In their interventions, Claudia Giordano (LUKE) presented the WASTEWISE research done regarding food waste numbers reported to Eurostat by EU member states; Silvia Zingale (Agroscope) offered a deep dive into how FLW is conceptualised and measured from a nutritional and dietary perspective (nutritional losses, metabolic food waste, food overconsumption), and Hanna Hartikainen (LUKE) presented the WASTEWISE’s systematic approach to combining food waste data with environmental LCA data.
After the workshop, Claudia Giordano made this reflection: “The workshop was particularly valuable because it brought together the main actors in food waste accounting and monitoring to discuss the OECD monitoring methodology alongside other existing approaches. Despite years of work, countries still use different definitions and methods to measure food waste”.
Claudia added that “however, with the 2025 amendment to the EU Waste Framework Directive, it has become even more important to meet and agree on the next steps.
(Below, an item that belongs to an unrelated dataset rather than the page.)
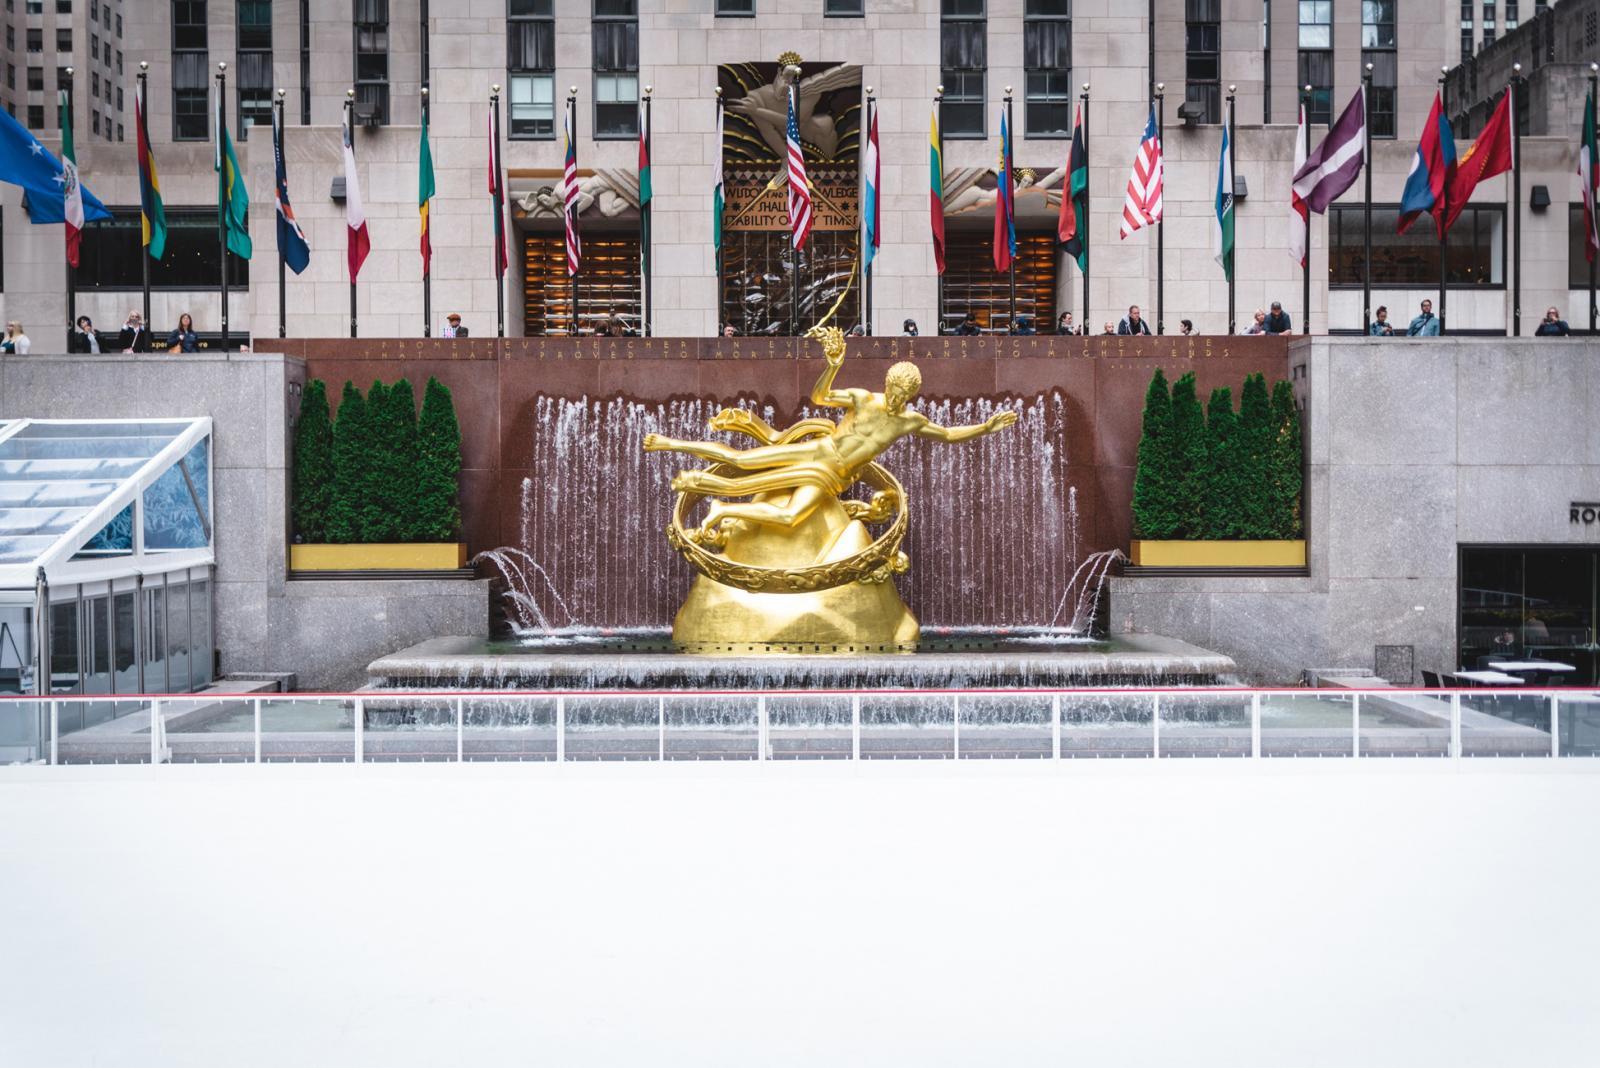 Ice RInks in New York

The new mandatory reduction targets are ambitious, and Member States will need to reach them while also improving the quality of the data they collect. At the same time, ideas and solutions to reduce food waste must be shared more actively than ever, given the new policy landscape”.
From her point of view, Hanna Hartikainen stresses that “reducing food waste is not only about reducing quantities, but about understanding wider impacts. The OECD meeting highlighted environmental, economic, nutritional and food security perspectives, with two presentations from the WASTEWISE project illustrating how these impacts can be assessed in practice. The key takeaway was clear: food waste should not be reduced at any cost, but through strategies that improve the food system as a whole”.
Both researchers want to thank the OECD and all speakers for an insightful meeting.